Il mercato del Gas Naturale

Il Gas Naturale copre un quarto circa del fabbisogno mondiale di energia primaria. Il suo peso è atteso in aumento nei prossimi 20 anni per effetto del progressivo aumento dell'impiego dello stesso per la produzione di energia elettrica a discapito del nucleare.
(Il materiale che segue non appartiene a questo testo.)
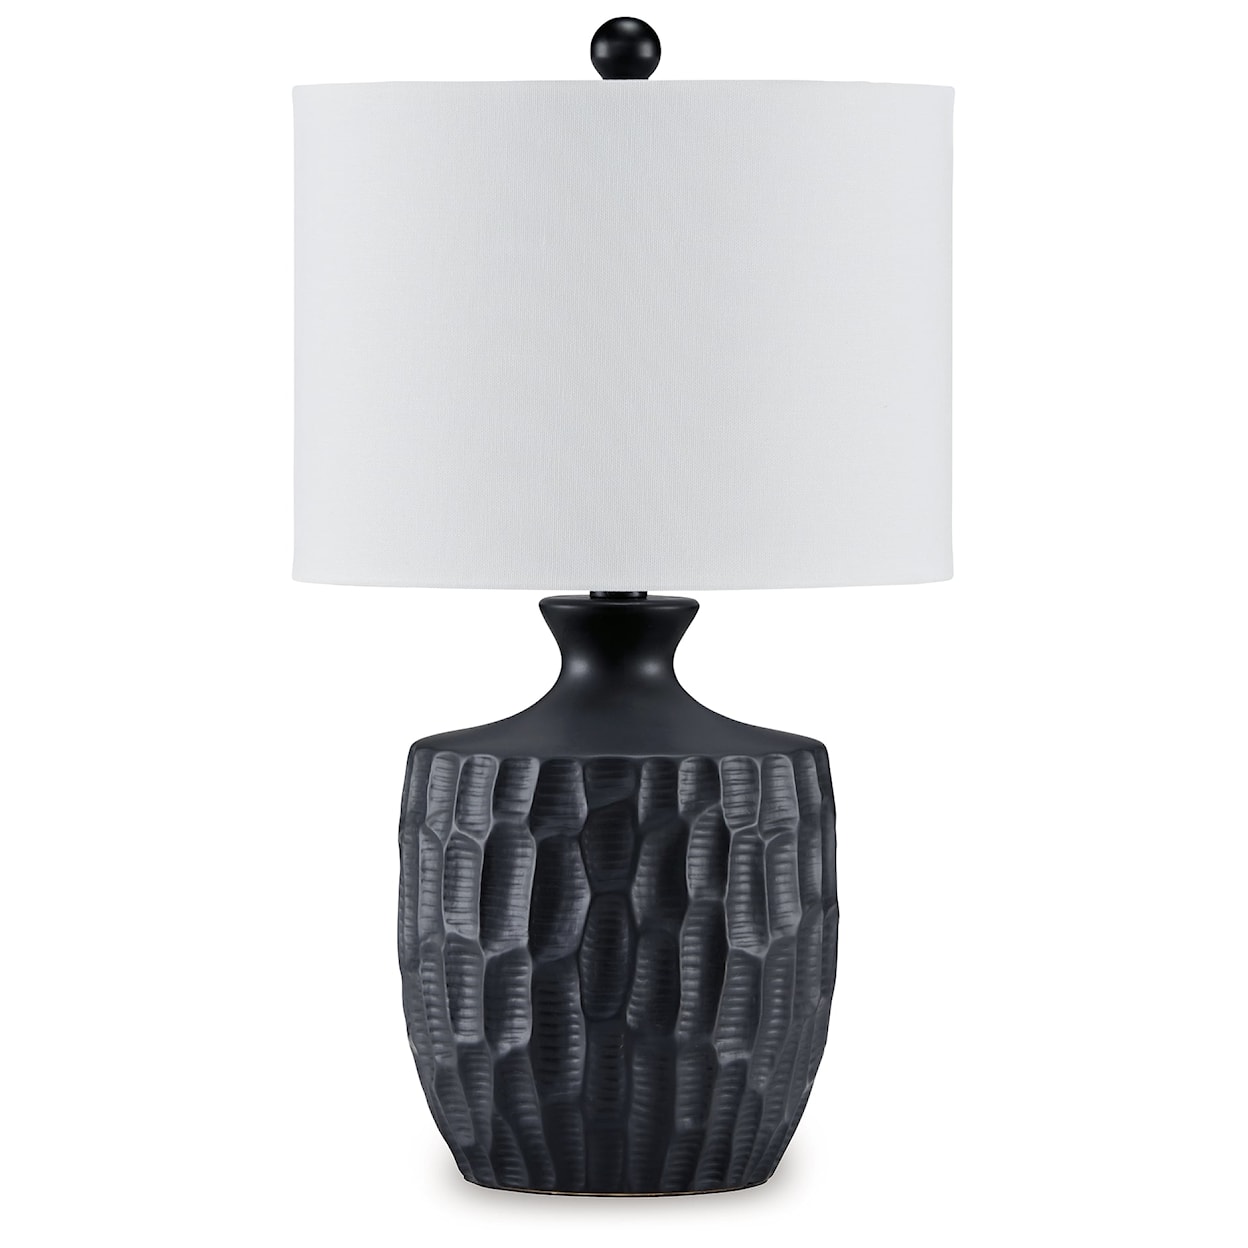 Ashley Furniture Signature Design Ellisley Ceramic Table Lamp

Il mercato europeo è il più importante con circa 538 miliardi di mc (2010). La produzione di gas è limitata ai giacimenti dei Mari del Nord che servono Regno Unito, Olanda e paesi nordici.  La restante parte di Europa soddisfa il proprio fabbisogno prevalentemente con importazioni dalla Russia e dal Nord Africa.

In Italia il gas naturale copre circa il 35% del fabbisogno di energia e nei prossimi anni è probabile che possa superare il consumo di petrolio attualmente al 40%.

consumi energia primaria

Figura 1: Consumi di Energia Primaria in Italia (1926-2009).

Nel 2010 il consumo nazionale di gas in smc di 83,10 miliardi di mc è stato  coperto con il 90% da gas importato. Alla produzione nazionale di 8,4 mld (6,1 in mare e 2,3 a terra) ha contribuito il gas della Val d’Agri con oltre 1 mld di mc (pari a circa il 12% della produzione nazionale e al 45% della produzione di gas a terra).

Il mercato del Gas Naturale presenta delle peculiarità rispetto alle altre commodity per effetto delle sue caratteristiche strutturali:

  • Viene trasportato attraverso Gasdotti che legano fornitori e acquirenti;
  • Occorrono investimenti elevati per realizzare i gasdotti;
  • Gran parte delle importazioni di gas avvengono con contratti chiamatiTake or pay”  dove il compratore si impegna a comprare gas naturale per periodi considerevoli, a prescindere dall’effettivo fabbisogno, con prezzi agganciati all’andamento del petrolio.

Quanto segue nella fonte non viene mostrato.